The Nationals’ 19 games against the Mets this season, the first of which comes tonight in New York, were envisioned as 19 chances to show their superiority. That will not be the case tonight. The baseball world will turn its gaze to Citi Field for the most enthralling pitching matchup in baseball: Stephen Strasburg vs. Matt Harvey.

You know all about Strasburg. Harvey, drafted seventh overall in 2010, is the 24-year-old rookie flamethrower with a 0.82 ERA and the same pitching DNA as Strasburg. This season, Harvey has thrown his fastball at an average speed of 94.2 mph, third in the majors. The leader: Strasburg, at 95.7 mph.

Including 10 starts last year, Harvey has 95 strikeouts in the first 81 1/3 innings of his career. Only two active starters can match Harvey’s career 10.51 strikeouts per nine innings: Yu Darvish and, of course, Strasburg.

“I’m glad they got another good young pitcher coming on that’s showing a lot of promise,” Manager Davey Johnson said. “That’s good for New York and good for baseball.”

For years to come, Harvey-Strasburg will provide thrills in the National League East, especially if the Mets’ other top pitching prospect, Zack Wheeler, has as much success once he joins Harvey in Queens. For tonight, it will also provide a challenge for a Nationals team that righted itself with a series win in Miami.

There seems to be an awful lot of discussion about how much to worry about the Nationals for a team that stands tied for the third-best record in the National League. The Nationals moved to 9-6 after their series win in Miami, which puts them on pace for 97 wins. But when expectations are cranked to a World Series or Bust level and the Braves start 13-2, external anxiety mounts.

The concern, in some regards, is justified. Areas in clear need of improvement, like the bullpen’s performance, Dan Haren’s rocky start and Ryan Zimmerman’s throwing, surfaced. The two quality opponents they’ve played, the Reds and Braves, beat them five times in six games, including 15-0 and 9-0 boat races.
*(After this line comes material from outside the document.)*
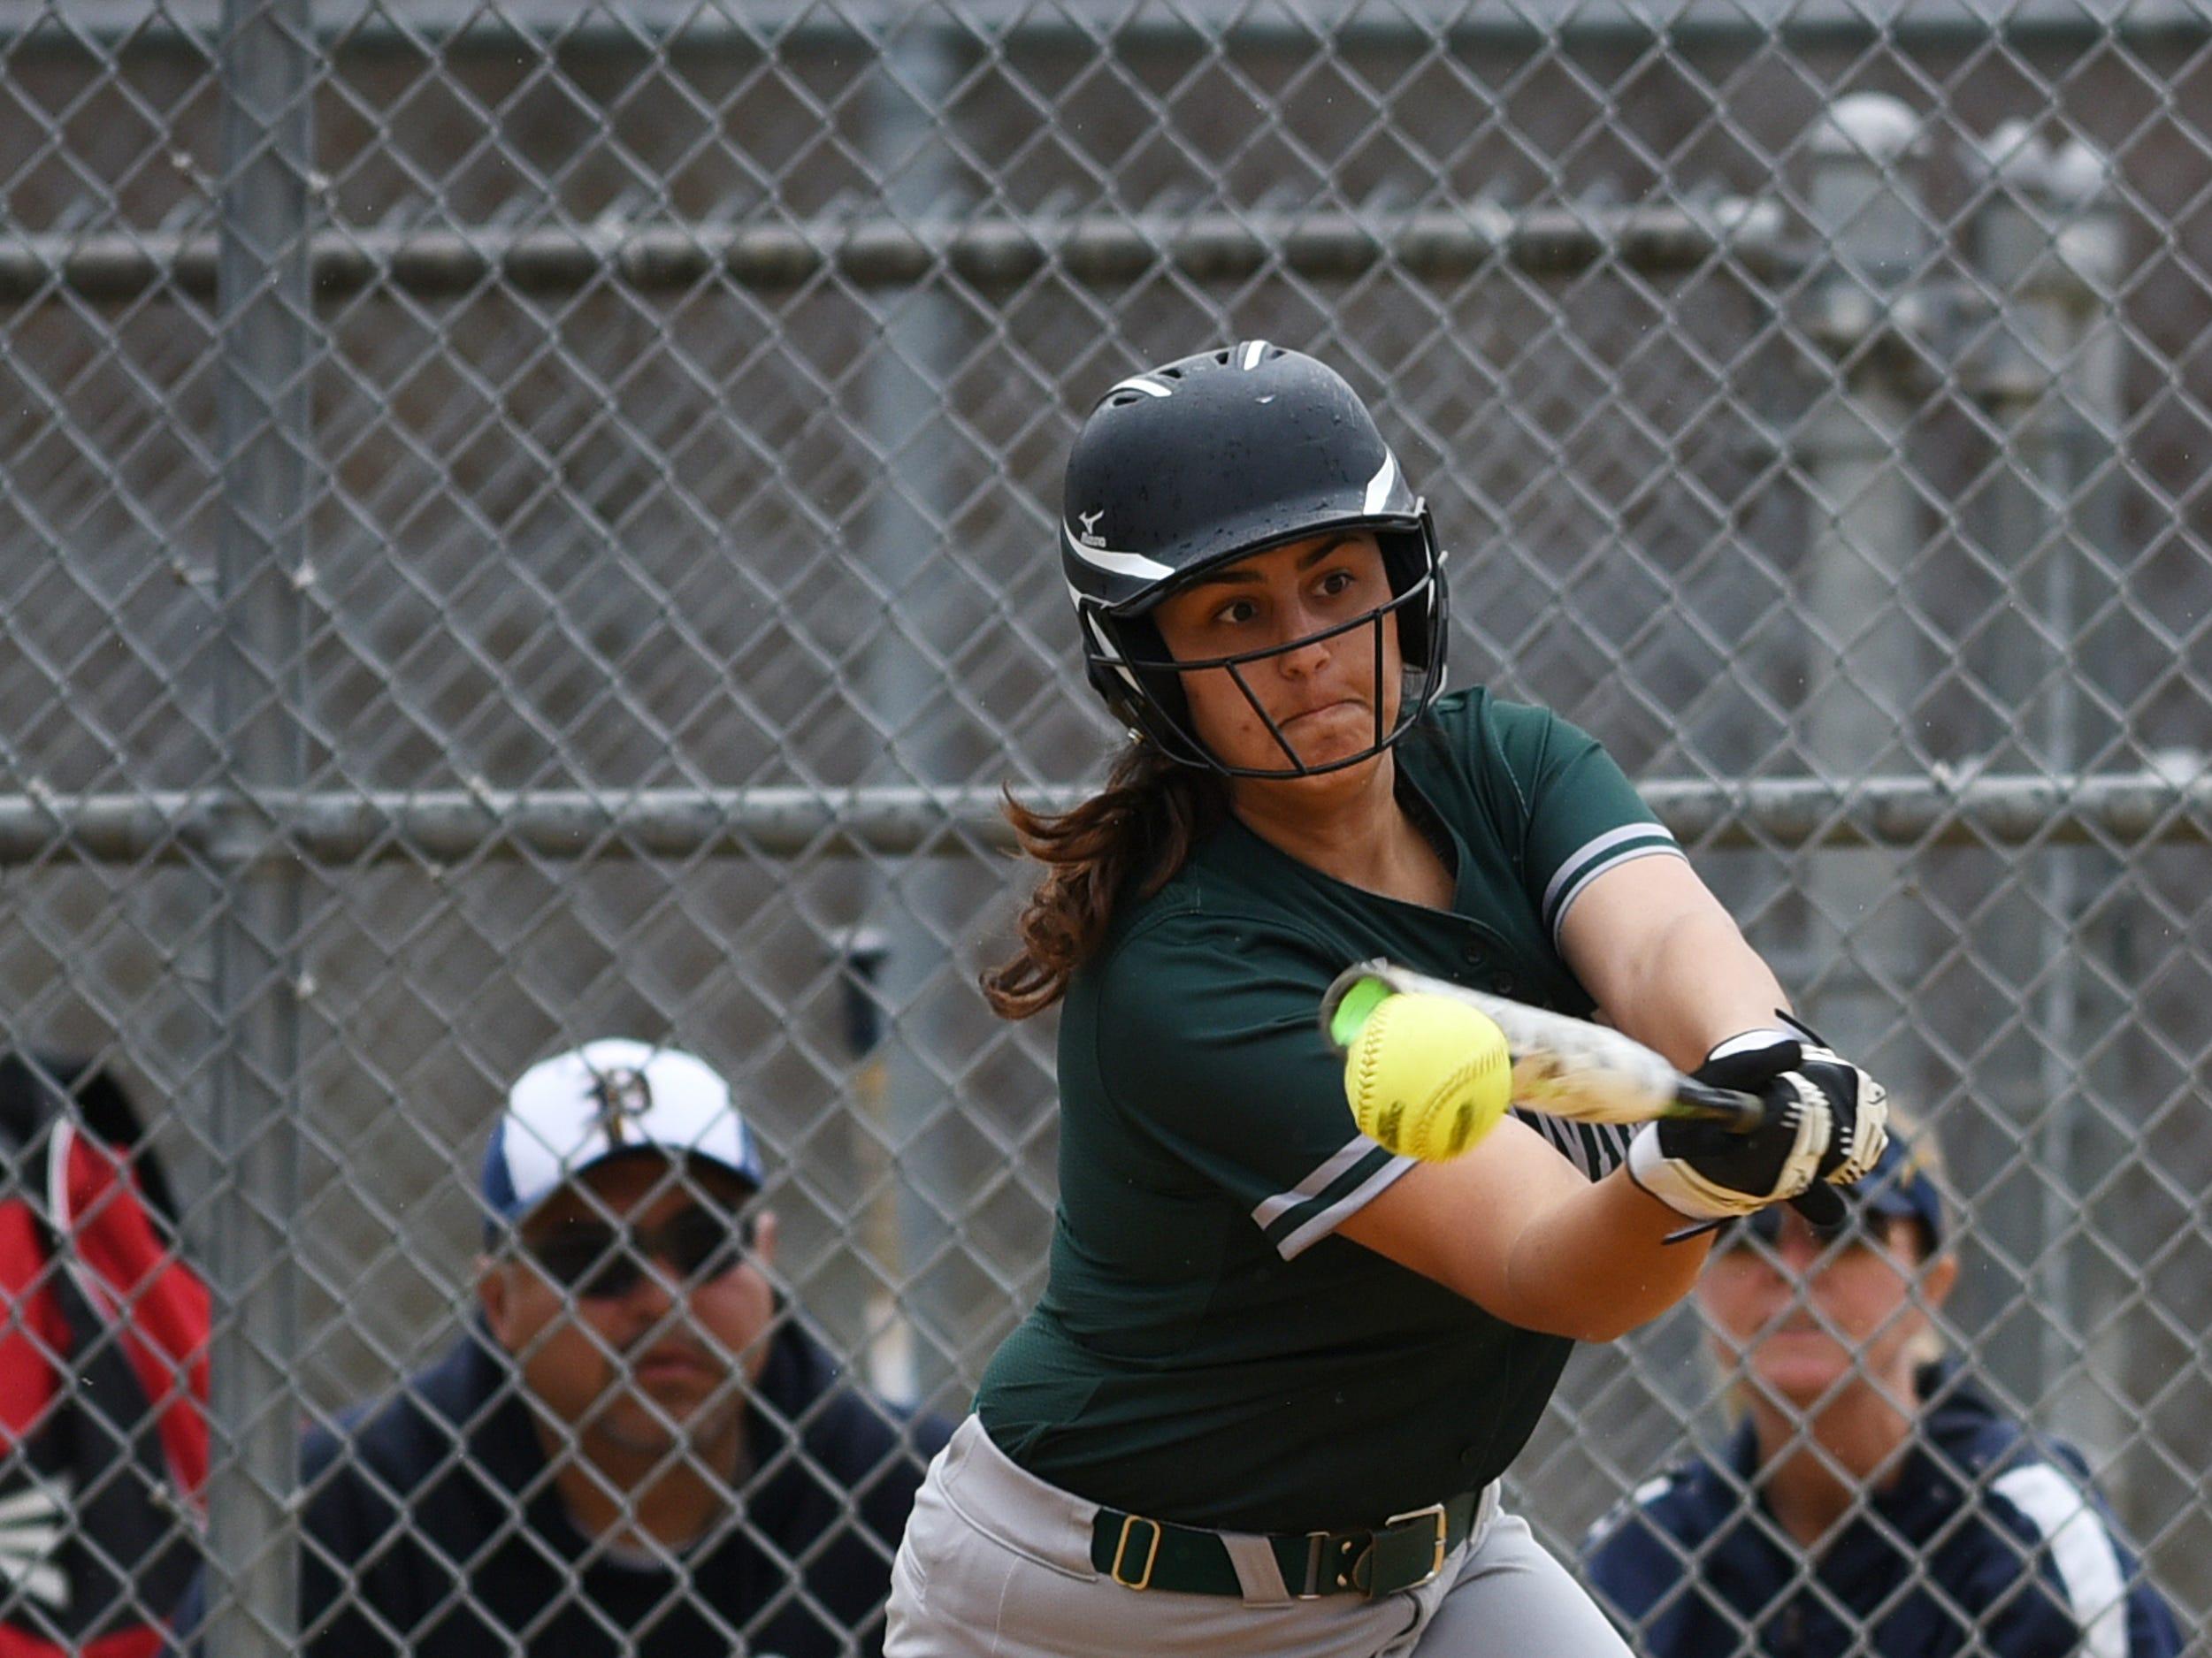 Pequannock at Kinnelon softball game in Kinnelon on Friday April 12, 2019. K#9 Renee Ritacco hits the ball.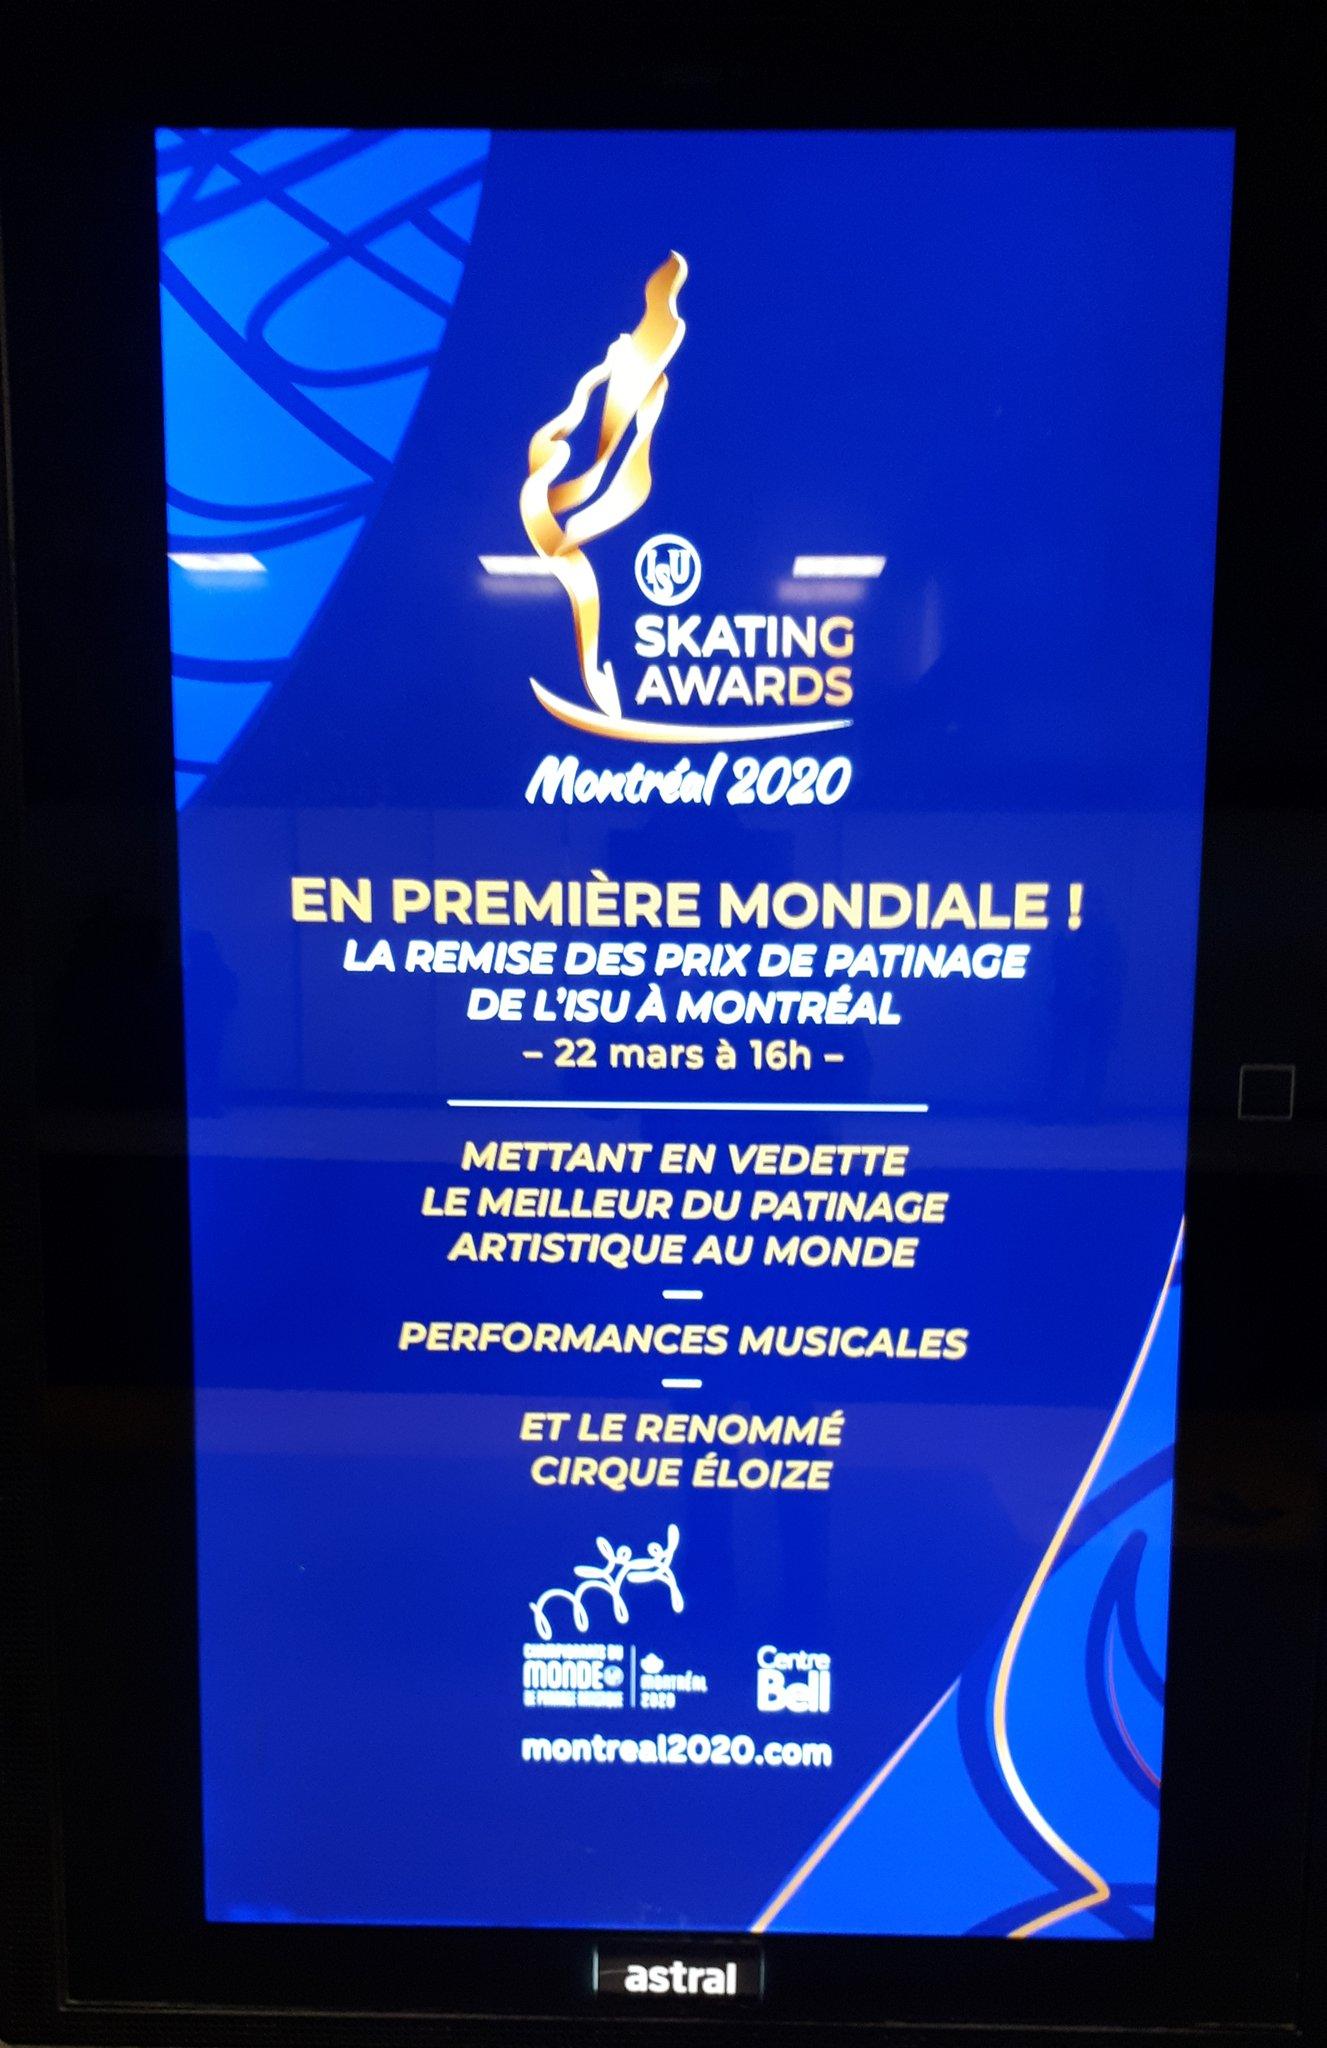 Чемпионат мира-2020 по фигурному катанию в Монреале ОТМЕНЕН! - Страница 2 ESNK8oNWoAYrFgY?format=jpg&name=large

Those losses in early showdowns stick in the mind.

However, do not overlook what has gone right – notably Bryce Harper’s fast start, Ross Detwiler’s emergence, Jordan Zimmermann’s excellence and Kurt Suzuki’s contributions – and the importance of beating up on bad teams. Games between contenders are more exciting and more fun to deconstruct, but playoff teams build their records on the backs of the hapless.

Last year, the Giants went only 44-42 against opponents with winning records. But they won the NL West because they went 50-26 against teams that finished below .500, and once in the playoffs they won the World Series. It’s important to compete with the best teams, but it’s necessary to dominate the bad ones.

The Nationals, with an 8-1 record against the Marlins and White Sox, are doing that so far. The Cardinals and Reds will come to Washington next week, ending a difficult April schedule and giving the Nationals another chance to score a win against a top-shelf opponent. By then, we will have a little clearer idea about how much to worry, but still a full five months of the season to go.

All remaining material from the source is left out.